It would be misleading to claim that Vieira was a victim of the fixture list, but sacking a manager just after they have played 11 straight matches against top-half opponents strikes as a bit rum.

The counsel for the prosecution points out that Palace won none of those matches and scored only three times in the process. But the defence is that Palace conceded only seven goals in his last eight league games.

By the time Saka had scored his second and Arsenal’s fourth, Palace had recorded their heaviest away defeat in almost two-and-a-half years.

There were odd flashes of resistance on the counter attack, not least when they hit Aaron Ramsdale’s left post at 0-0, but mostly Crystal Palace look like a team in which the creative players have seized up through a lack of use.
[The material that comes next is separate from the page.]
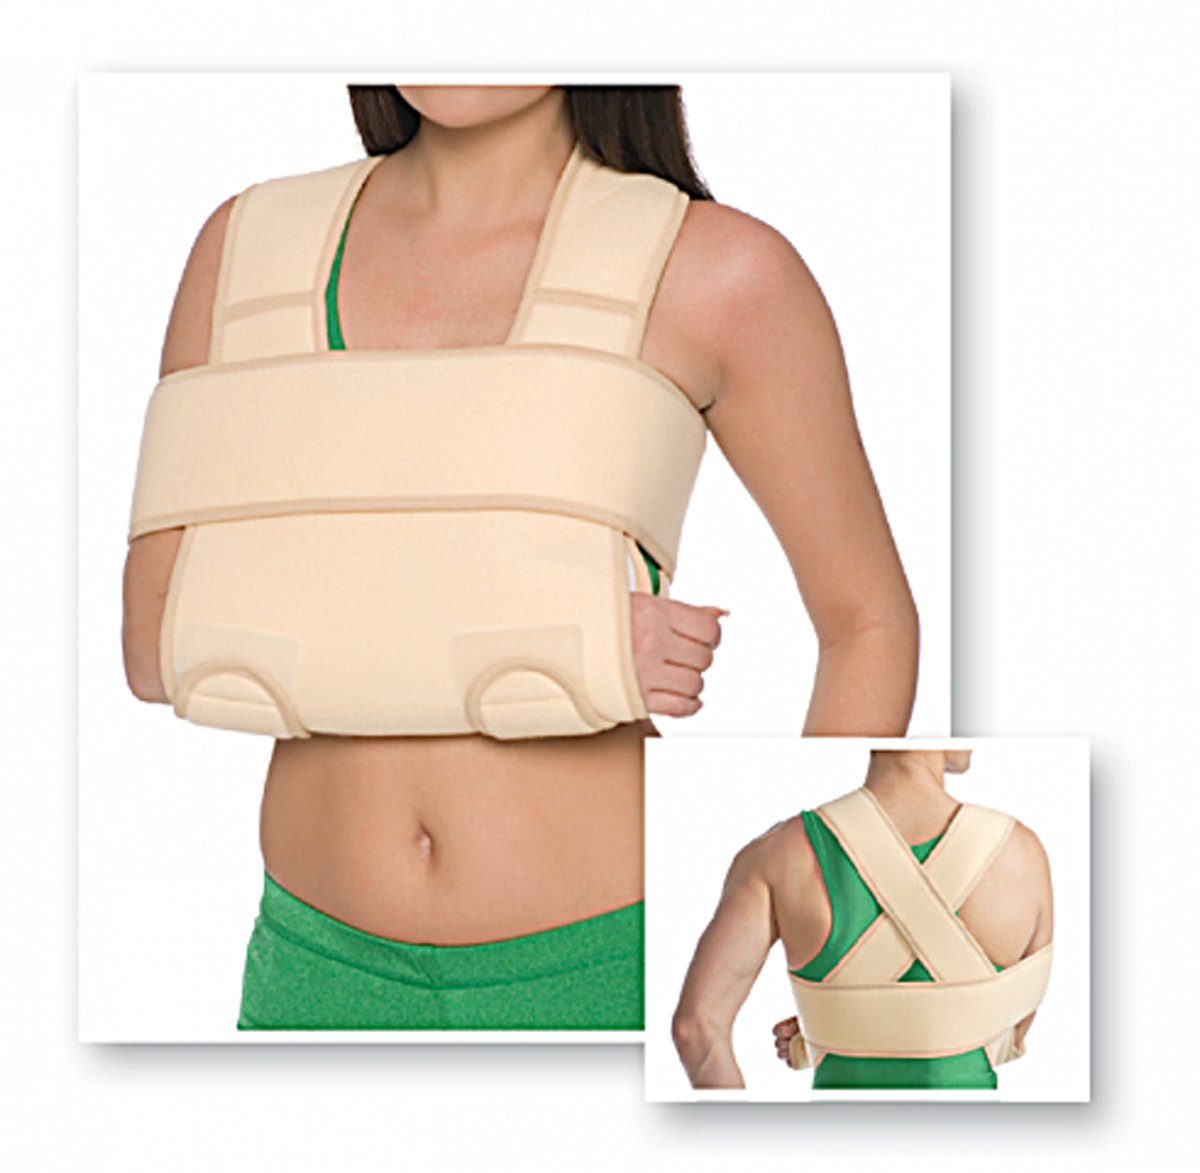 MedTex Armbandage Armgelenkbandage Armschlinge Schulter-Arm-Bandage  verstärkt Hand-Gelenk 8013, Fixierung

Too often, they either make the wrong decision or no decision at all and so are crowded out. Michael Olise and Eberechi Eze were bright-eyed and bushy-tailed, once. Now, one is substituted off for the other with an exchange of glances that says “I’ve seen some things out there, man”.

Zaha is both Palace’s brightest spark and their frustrated-in-chief, slamming his fists against the floor in disgust at having to carry the attack and beat two men on his own. His contract is up at the end of the season, and has the broken expression of a man who has tried so hard to do so much and may leave having witnessed precious little progress.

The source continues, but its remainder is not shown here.